Brent then drove out, while Bruce and I took the bus from Viloco south to Laguna Laram Khota, a lake with a roadside view of the southwest face of Gigante Grande (18,858'). Two obviousice gullies split the lower cliffs of this 2,100-foot face. The right-hand one had been done in 1993, while the shorter but much steeper left-hand one was unclimbed. We hiked in with two porters, finding that Yossi Brain’s guidebook is wrong in recommending that you hike around the east side of the lake. We camped on dirt below the glacier beneath the face. As we scouted the face the upper snow slopes avalanched down the route in the afternoon sun. We decided to spend the next day just watching the face to see if this was common, and scouting the descent. That day was colder and the face did not avalanche, but we agreed to either be out of the couloir by 3 p.m. or else hide to the side until after sunset.

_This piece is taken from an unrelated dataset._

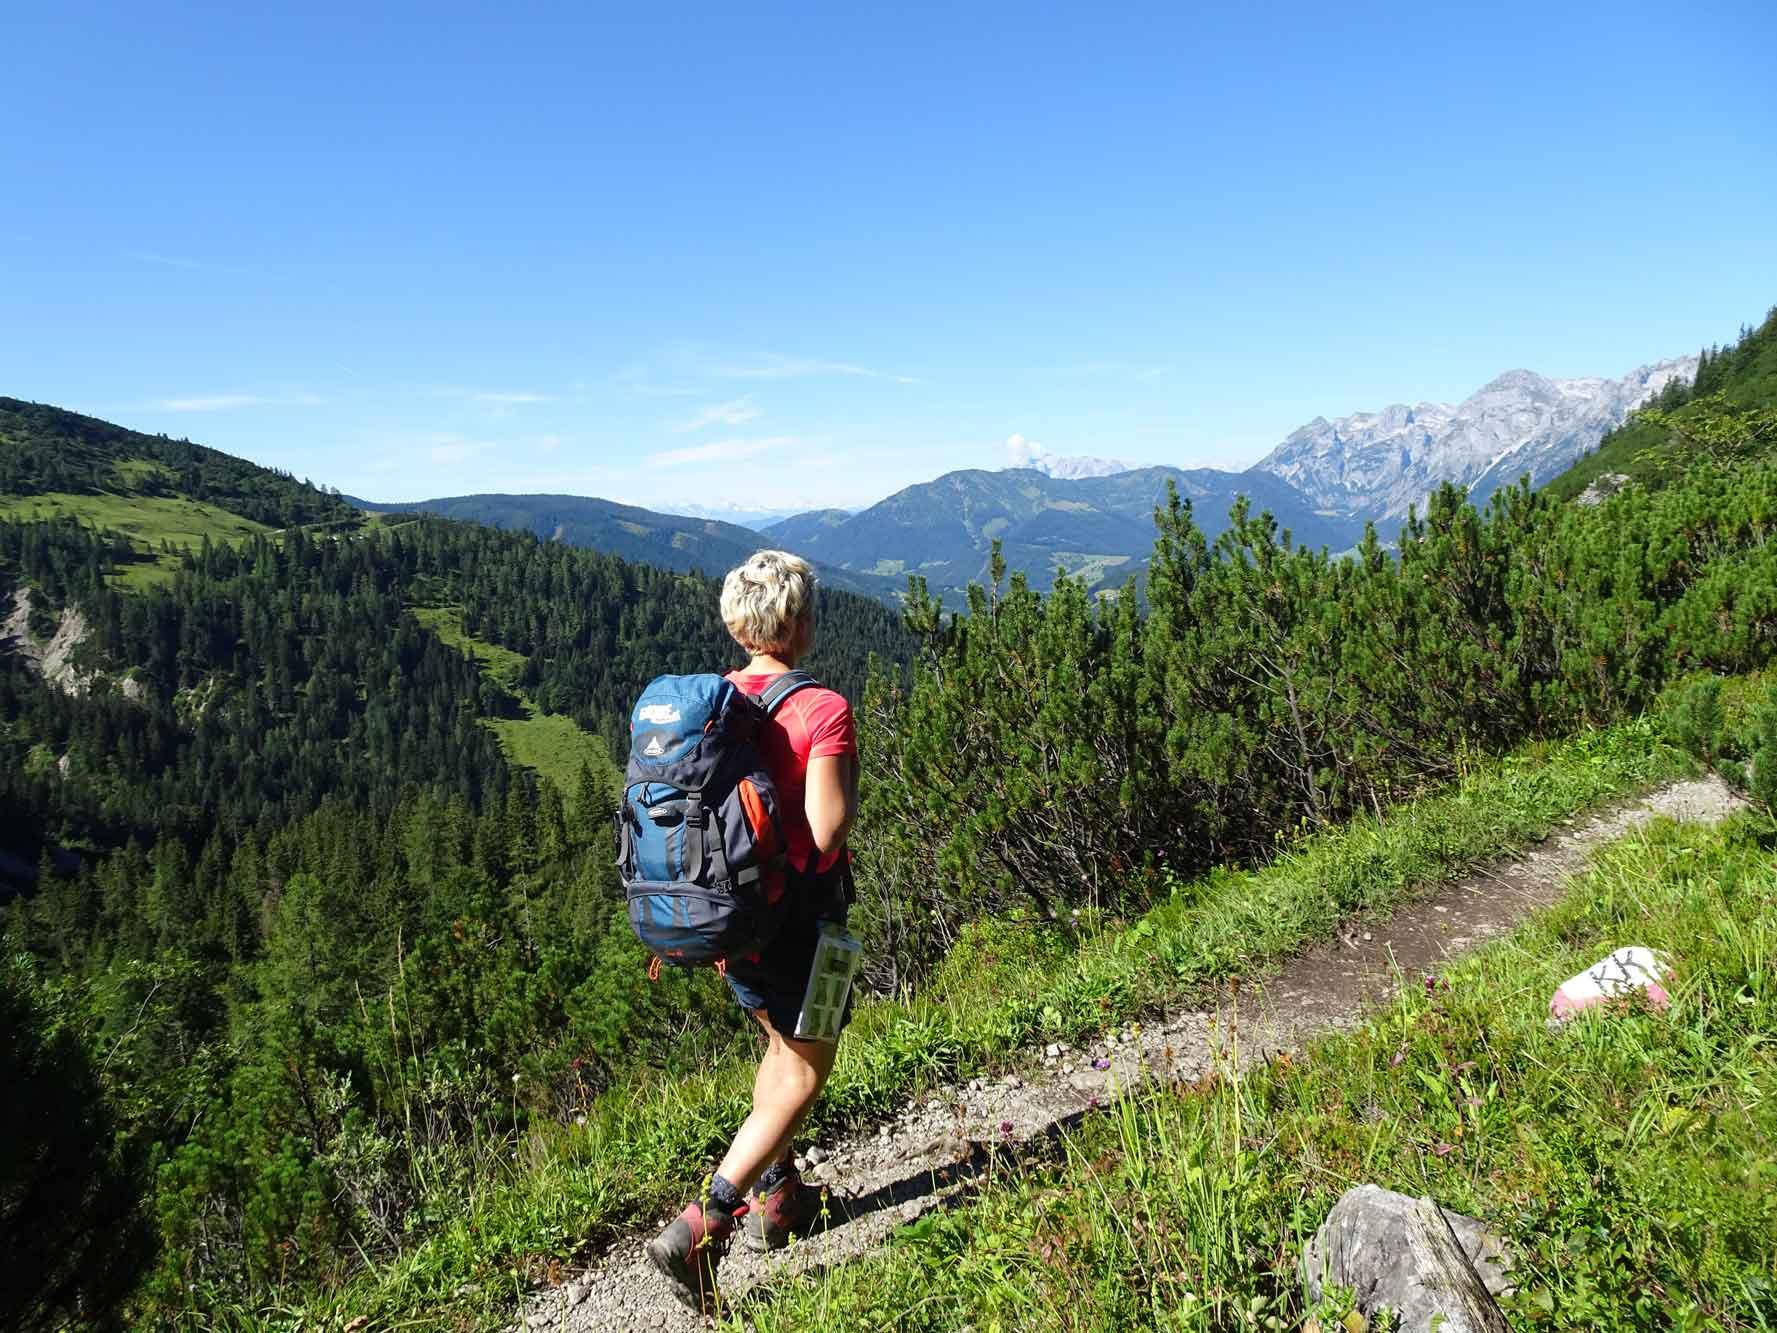 DachsteinHöhenRundweg-Gosaukamm-Tennengebirgsblick-Wanderer-1

We started an hour after dawn on June 4. The first pitch was on thin, moderately steep ice with solid metamorphic rock but poor protection. As the chute twisted and steepened, better cracks appeared, but Bruce still had to work carefully on the crux fourth pitch. He started out on slightly overhanging rock that led immediately to a head- wall of vertical mixed ground. After another pitch or two it was near 3 p.m., and we hid off to the side under an overhang. Nothing came down, and at dusk Bruce headed off for what proved to be the last surprisingly difficult pitch, a tenuous one with near-vertical “snow-ice.” From there we climbed and belayed into the night on moderately demanding ground by moonlight, encountering some of the worst rock anywhere and feeling the effects of dehydration from not bringing a stove. We reached the summit ridge around midnight. The continuation to the top would have been moderate, but over complex ground with loose rock, so we elected to descend. Contrary to Brain’s guidebook, the “northwest ridge” we descended is a complicated face that requires weaving around cliffs and lots of loose rock. Our descent included about five rappels, and we made it back to our camp at dawn. We named the route Via Loco, and Bruce thought it might be the most technical alpine route in Bolivia.